The positive thing about this is you can generally use a larger antenna for shorter wavelengths. An antenna that resonates on the 10m band will usually work decent on the 2m band. At my home I have a 5-meter-long vertical designed to be a half-wave antenna for 10m. Despite it being poorly matched for 2m, I can still use it for that band. When I measure it with a network analyzer, about half the power I send to it at 2m is reflected back. Some of the power is lost both ways in the coax, so maybe only 25% of the power gets to the antenna. All received and transmitted signals will be 6dB weaker than they would be with a good antenna. If two stations with such poor antennas try to communicate, they lose 12dB of link budget. That means they could cut their output power by over 15 times if they both used good antennas. That sounds horrible, but each 6dB is only one S-unit. If one side switched to a well-matched antenna, that side would only send and receive one unit stronger on a signal meter.

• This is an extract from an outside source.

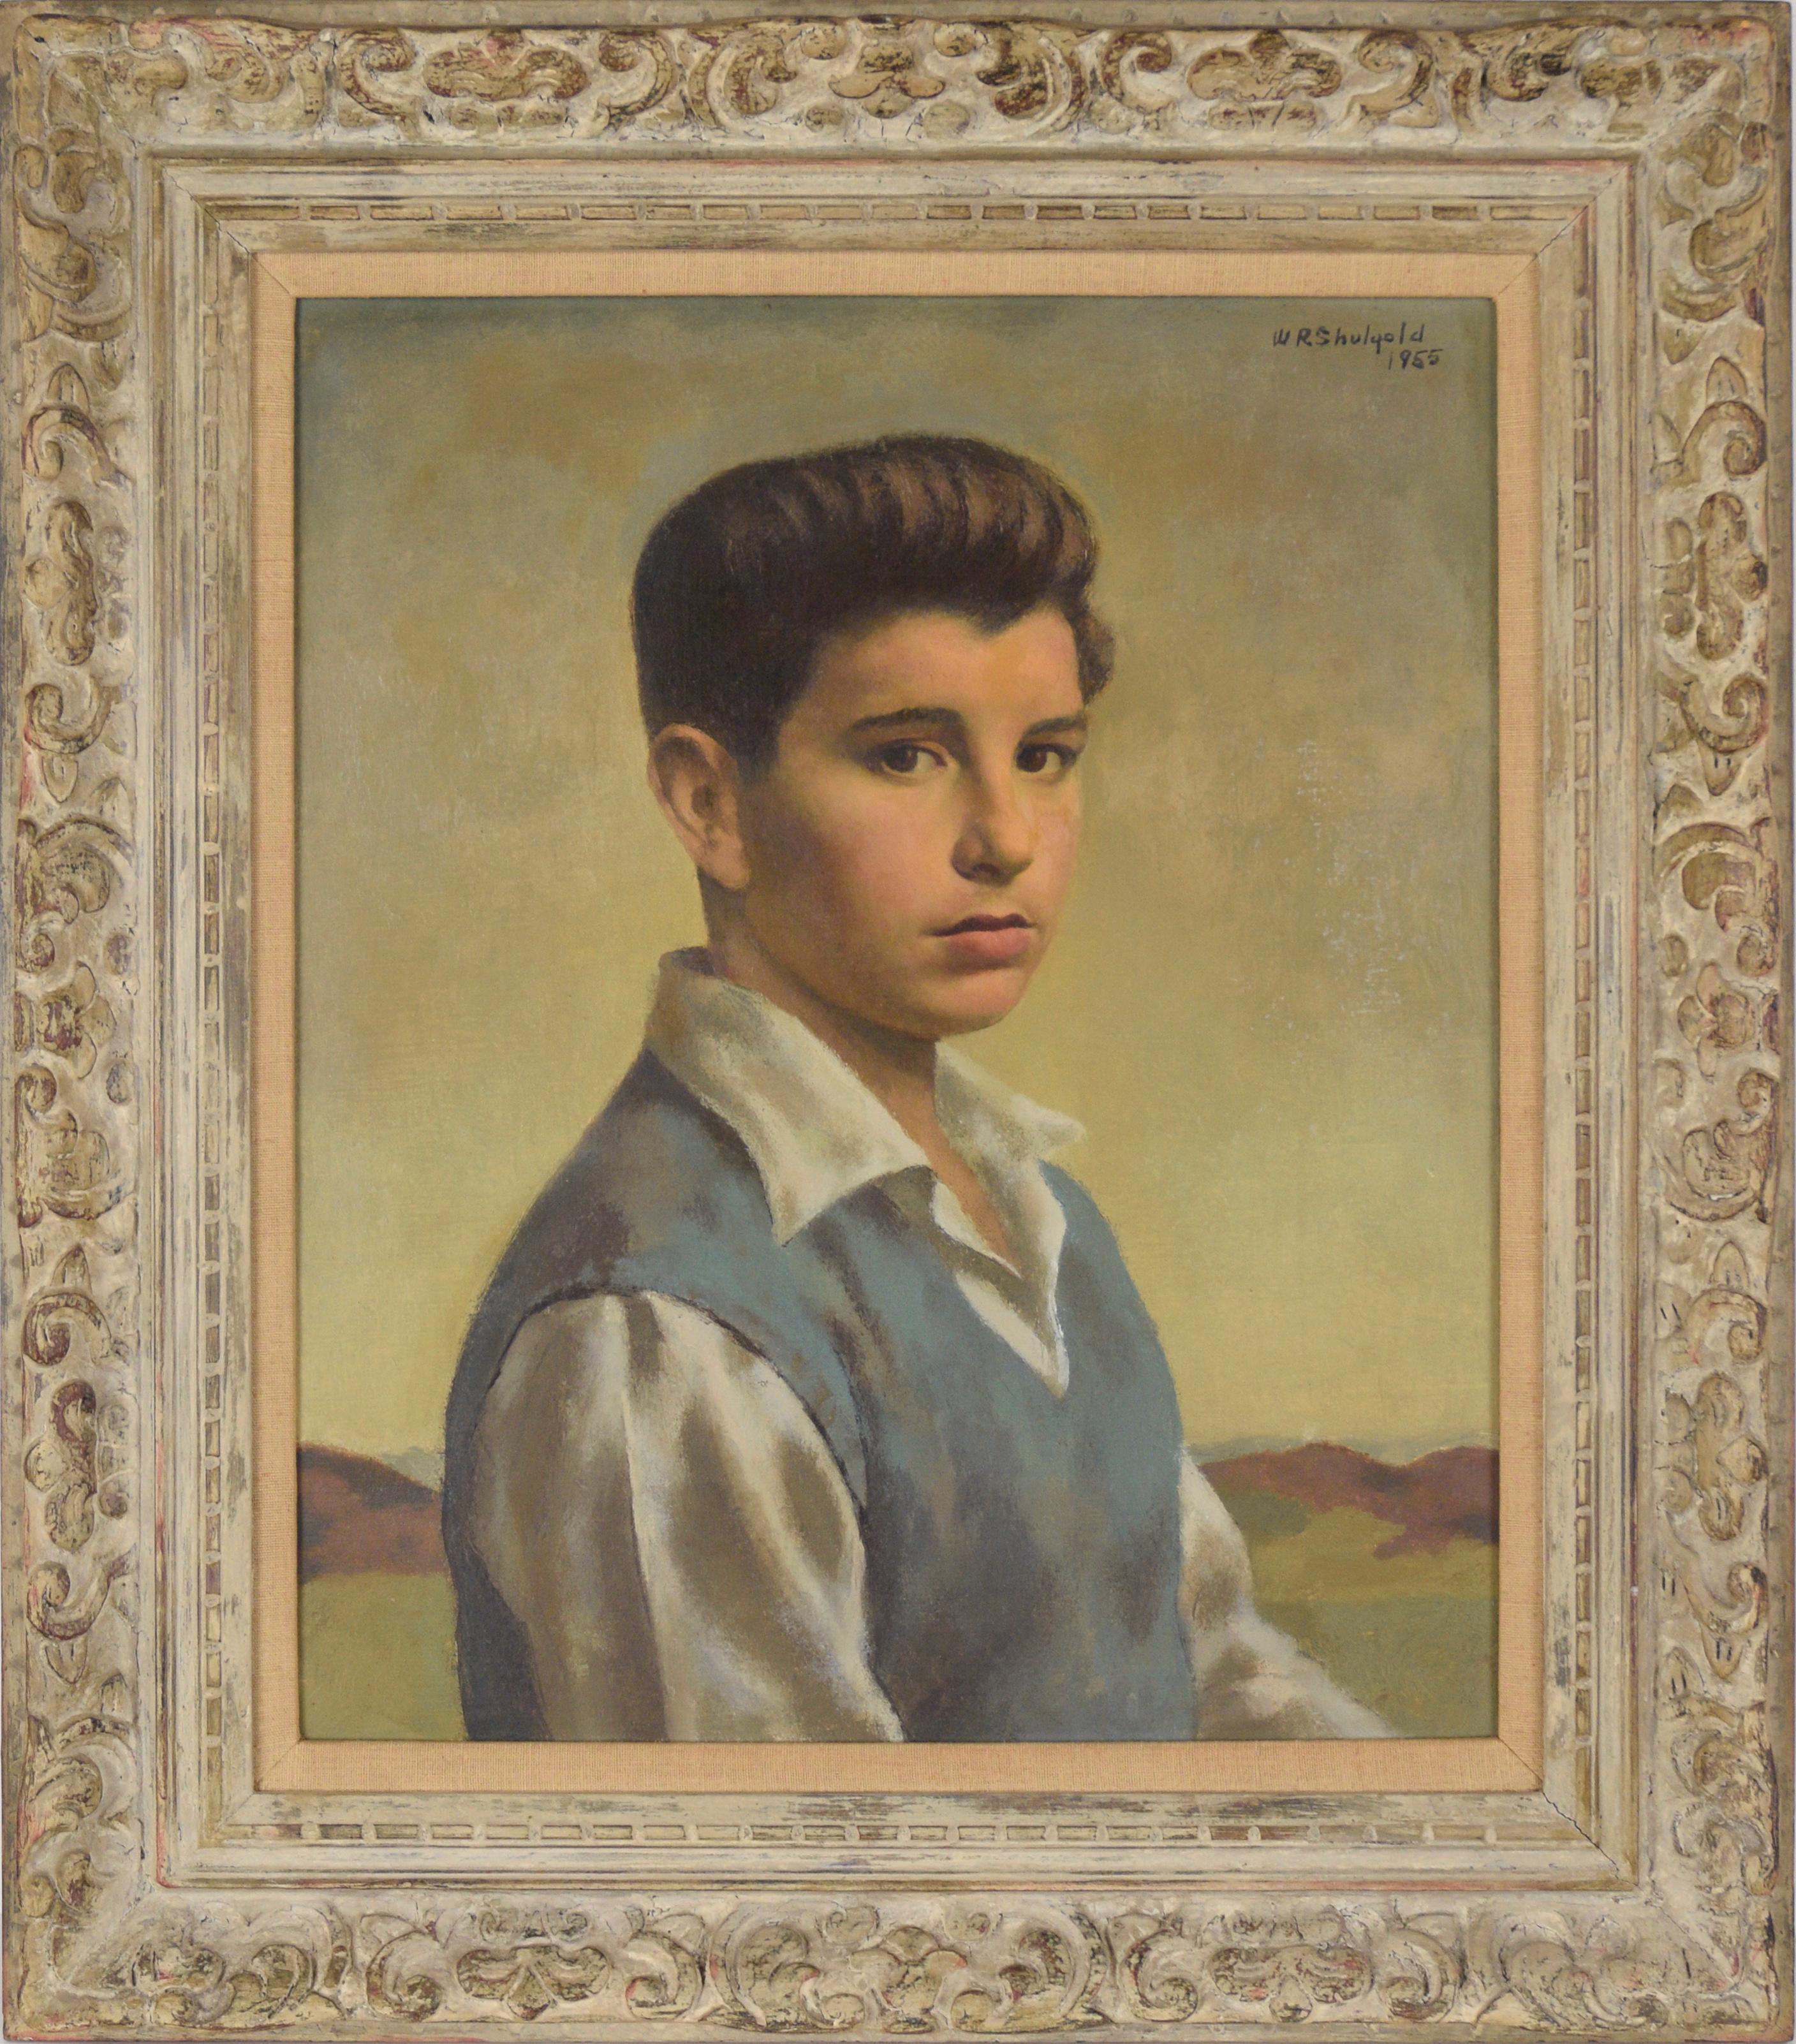 William Robert Shulgold  Figurative Painting - "Child Star" Mid Century Portrait of a Boy with Brown Eyes Oil on Canvas
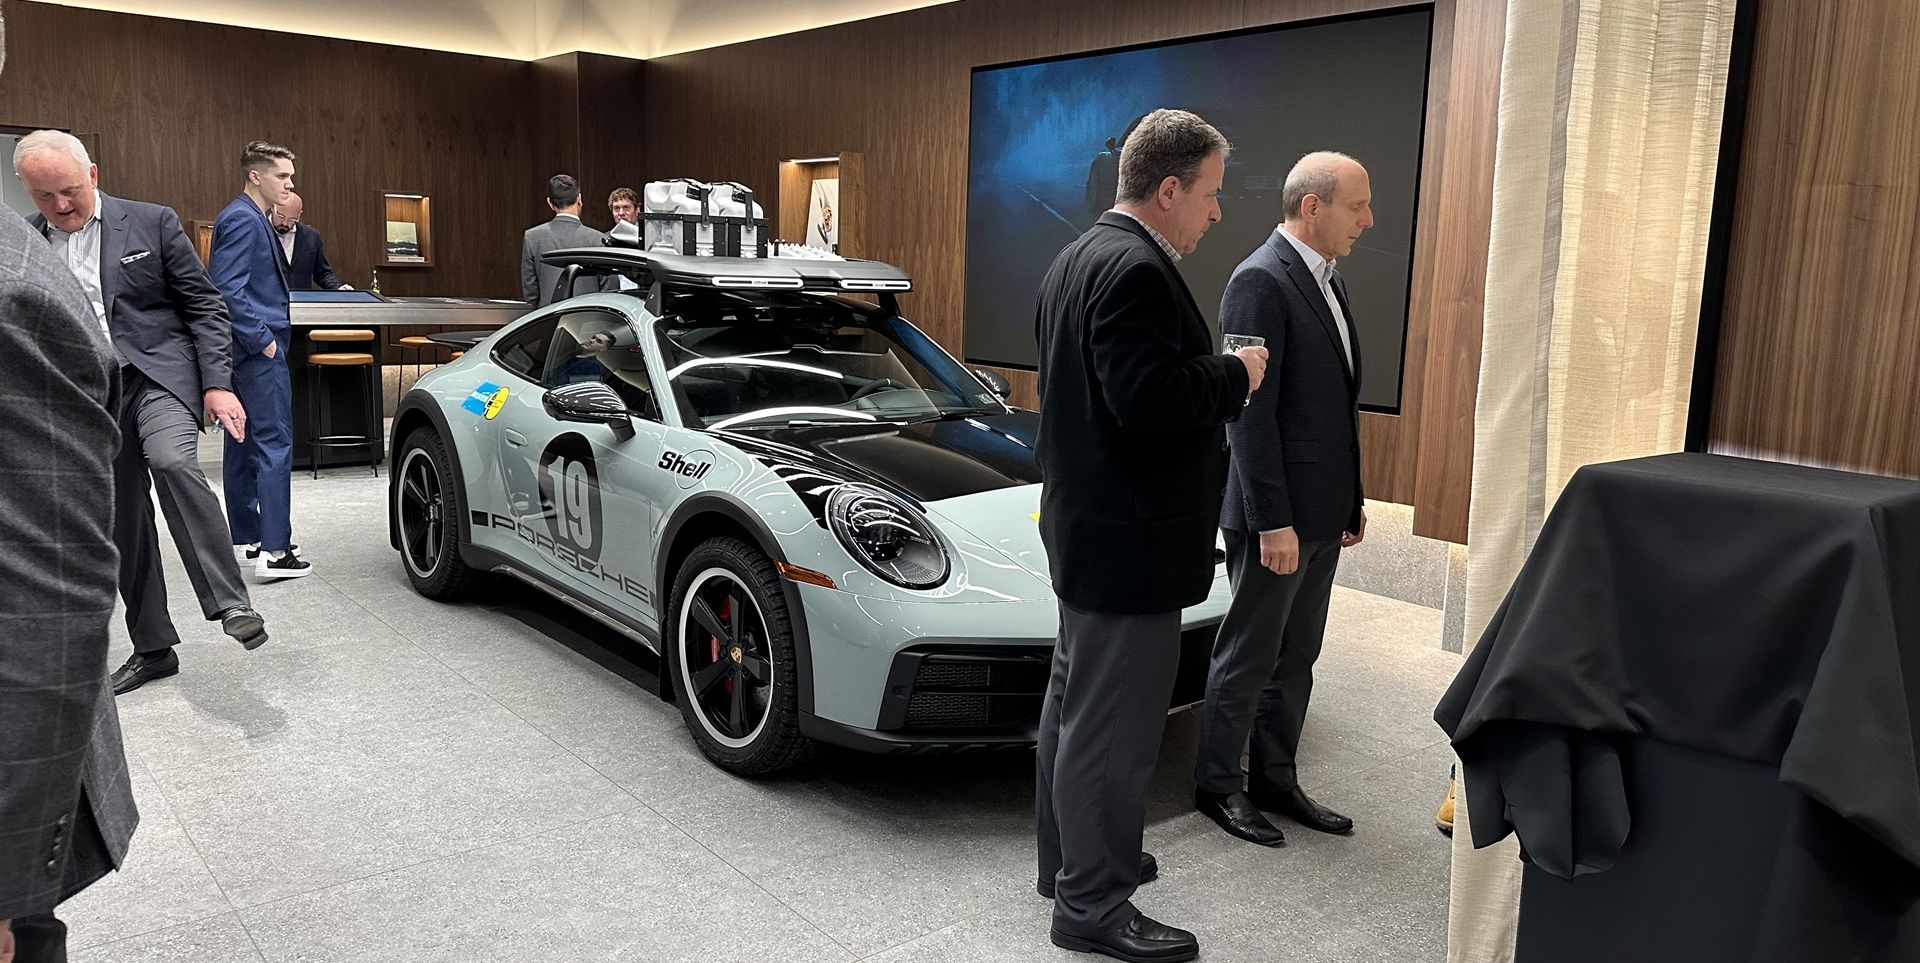 Why Porsche Is Opening Showrooms in Malls

I tried to take advantage of this a few weeks ago when I was at a park about 30 miles outside of town. I wanted to listen to NOAA weather radio, so I connected my Uniden BC95XLT scanner to a Cobra HGA-1000 mag mount antenna on my car roof. The antenna is designed for the 11 meter CB band. It's one of those designed to look like an 80s-era mobile phone antenna. There were few cell towers in those days, so you needed a decent antenna to access the AMPS cellular network. A mobile phone and antenna was a status symbol. 11m CB was a free-for-all and not a status symbol. The look-alike antenna is much shorter than a quarter wavelength. A built-in loading coil matches the antenna to the 50-ohm feedline.
The NOAA weather stations are around 162MHz, just under 2 meters, so I figured the 11m antenna would work fine. Surprisingly, the rubber duck that came with the BC95XLT scanner worked much better even in the passenger compartment than the 11m antenna centered on the roof.
When I got back to town I threw both antennas on the vector network analyzer (VNA). As expected the CB antenna looked fine in the CB band, which is centered on 27.185MHz:
Here is the Smith Chart plot of S11 of the CB antenna:
Even though the BC95XLT scanner covers the CB band and works pretty well there, the duck antenna that comes with it is god-awful for VHF-low (26-54MHz).
The duck on the scanner just looks like an open at low frequencies on the Smith Chart.
The CB antenna on the car stays at a constant level of mismatch, with an SWR around 6.5:1 but makes a loop into near perfect match in the CB band.
When I look at the rubber duck across the entire band (a zoomed out version of the 20MHz-120MHz plot above), it looks decent across the entire coverage of the scanner, except for VHF-low.
The CB antenna shows modest reflections at higher frequencies, but this may be because the feedline and the matching network are lossy at high frequencies. Despite this plot, the CB antenna clearly does not work well for VHF:
After I took this data, I tried again to listen to weather stations with both antennas. The duck that came with the scanner clearly does better at 162MHz than the antenna on the car.
This case shows that just because the power isn't being reflected doesn't mean the antenna is working well. I suspect the loading coil on the CB antenna absorbs power at VHF, making it look better on the SWR meter.
This case also shows that the notion that antennas will work at okay somewhat on bands well above their design frequency is not always true.